**How to complete this task**
Retype nothing but the lines from the start of the material up to and including the line with "[W]e have endless". Pictures don't belong in the copy.

**Given data**

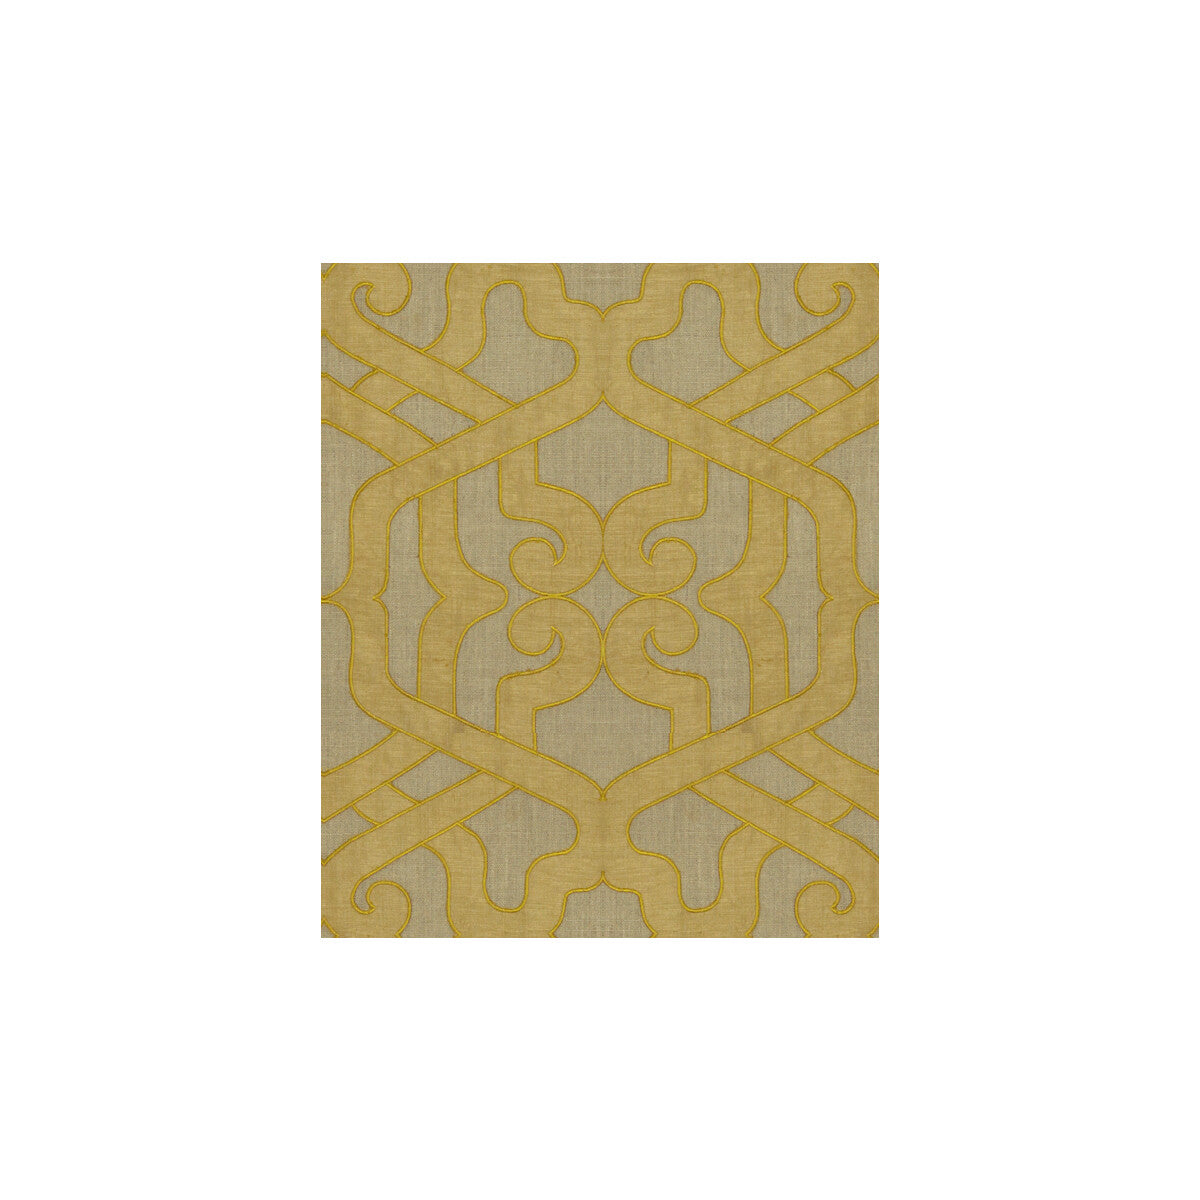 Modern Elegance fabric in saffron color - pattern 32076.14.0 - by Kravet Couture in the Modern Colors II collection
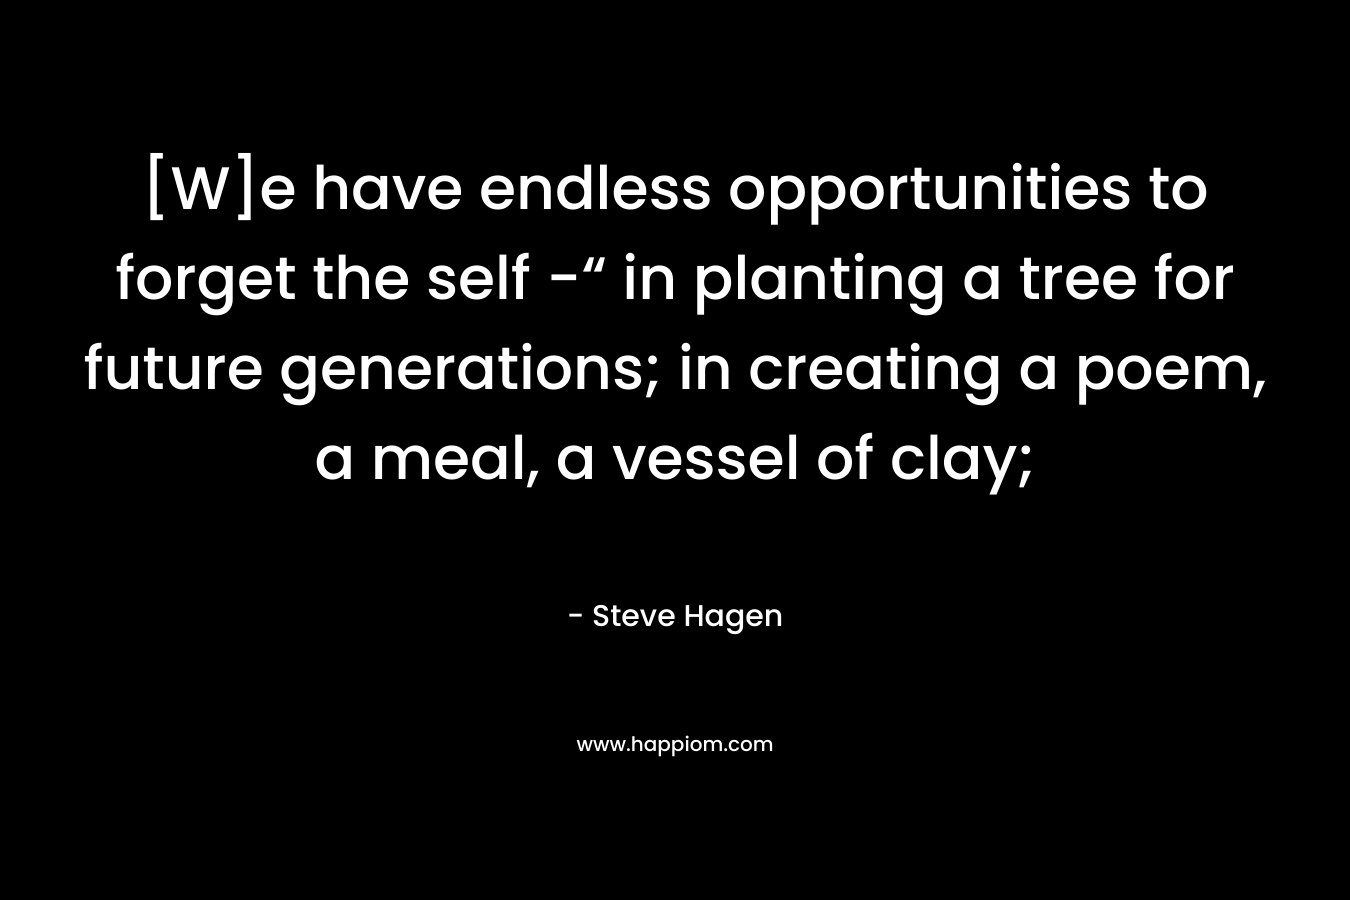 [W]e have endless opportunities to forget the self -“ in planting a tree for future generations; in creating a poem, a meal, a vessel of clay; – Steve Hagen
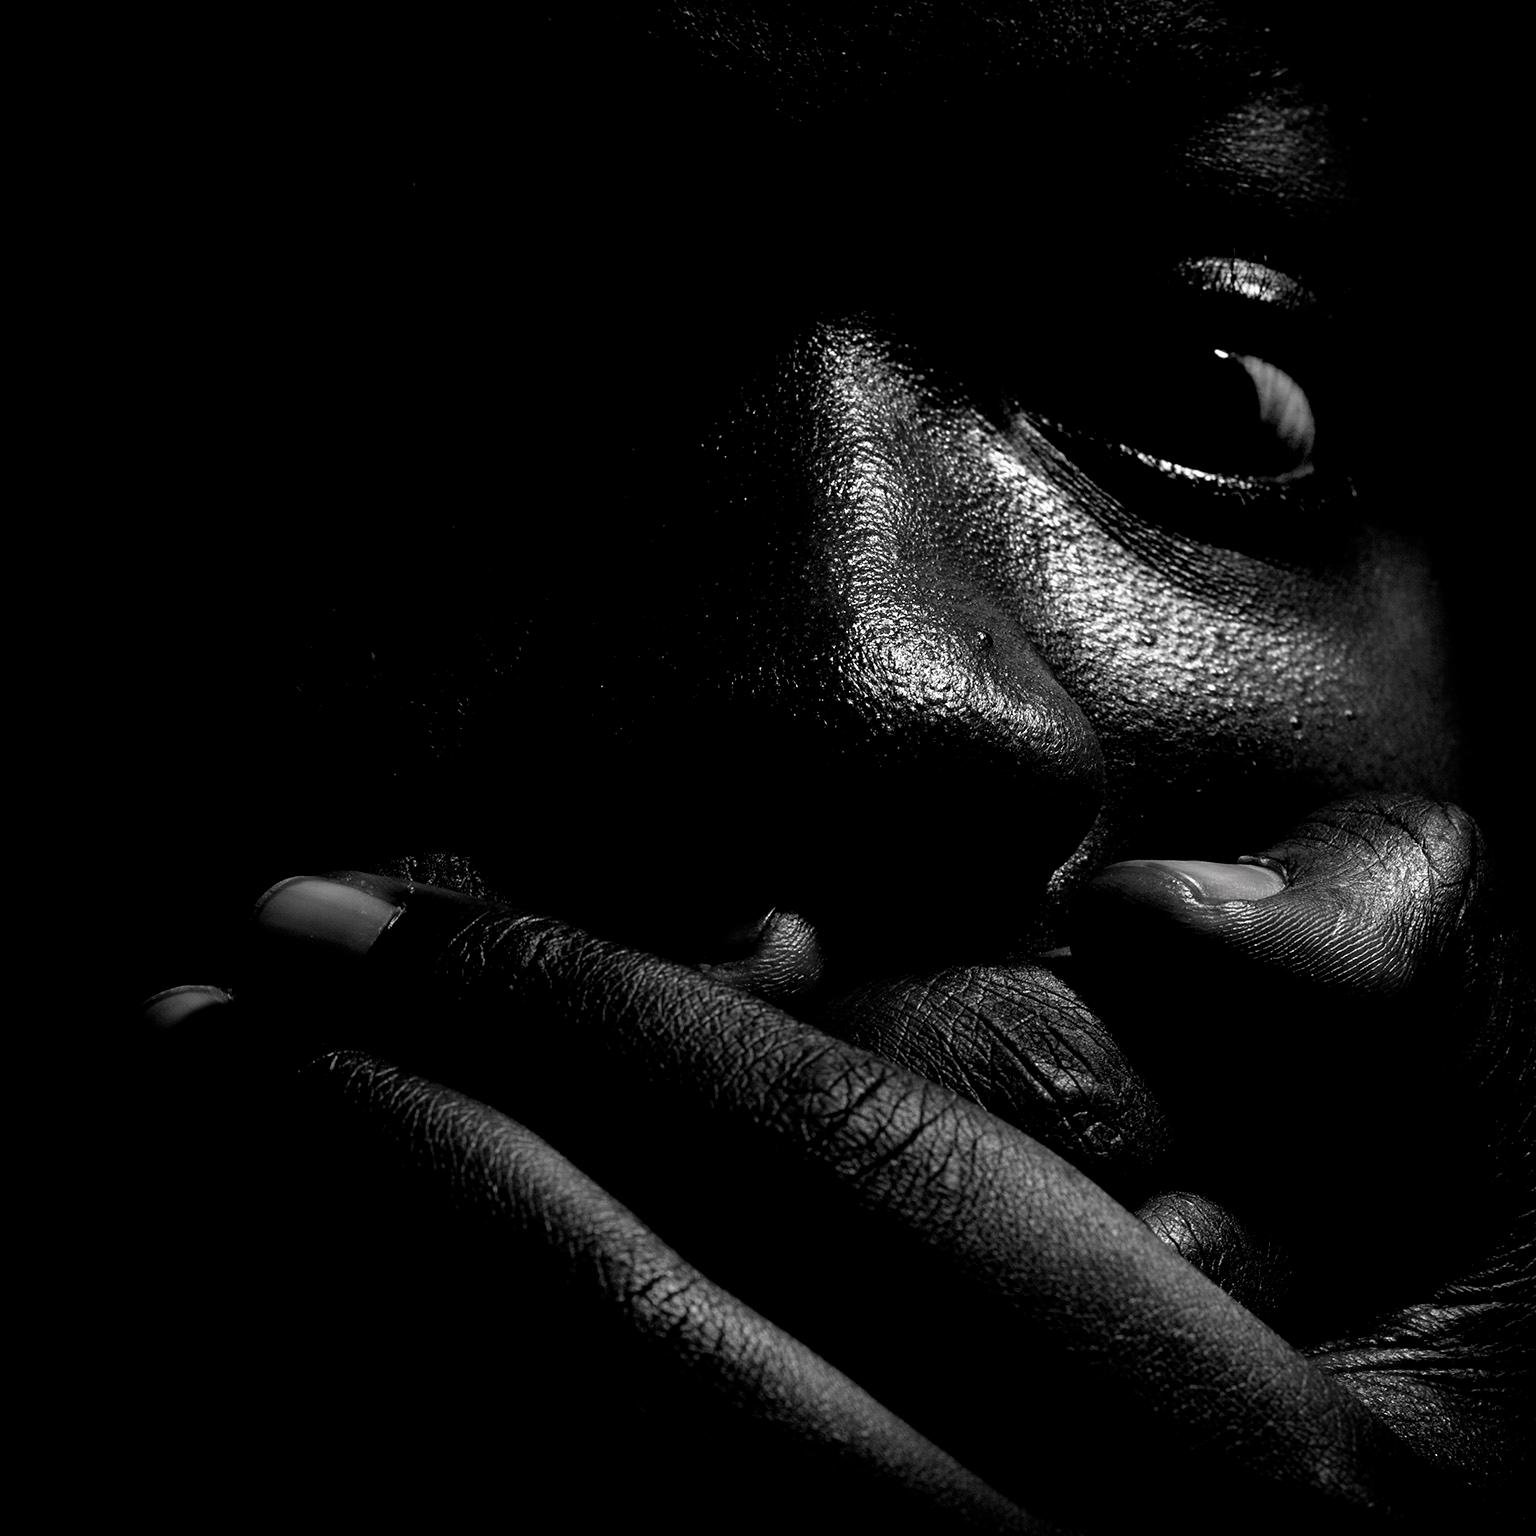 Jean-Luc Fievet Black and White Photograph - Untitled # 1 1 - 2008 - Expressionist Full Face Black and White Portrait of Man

**Response to the task**
 Modern Elegance fabric in saffron color - pattern 32076.14.0 - by Kravet Couture in the Modern Colors II collection
 [W]e have endless opportunities to forget the self -“ in planting a tree for future generations; in creating a poem, a meal, a vessel of clay; – Steve Hagen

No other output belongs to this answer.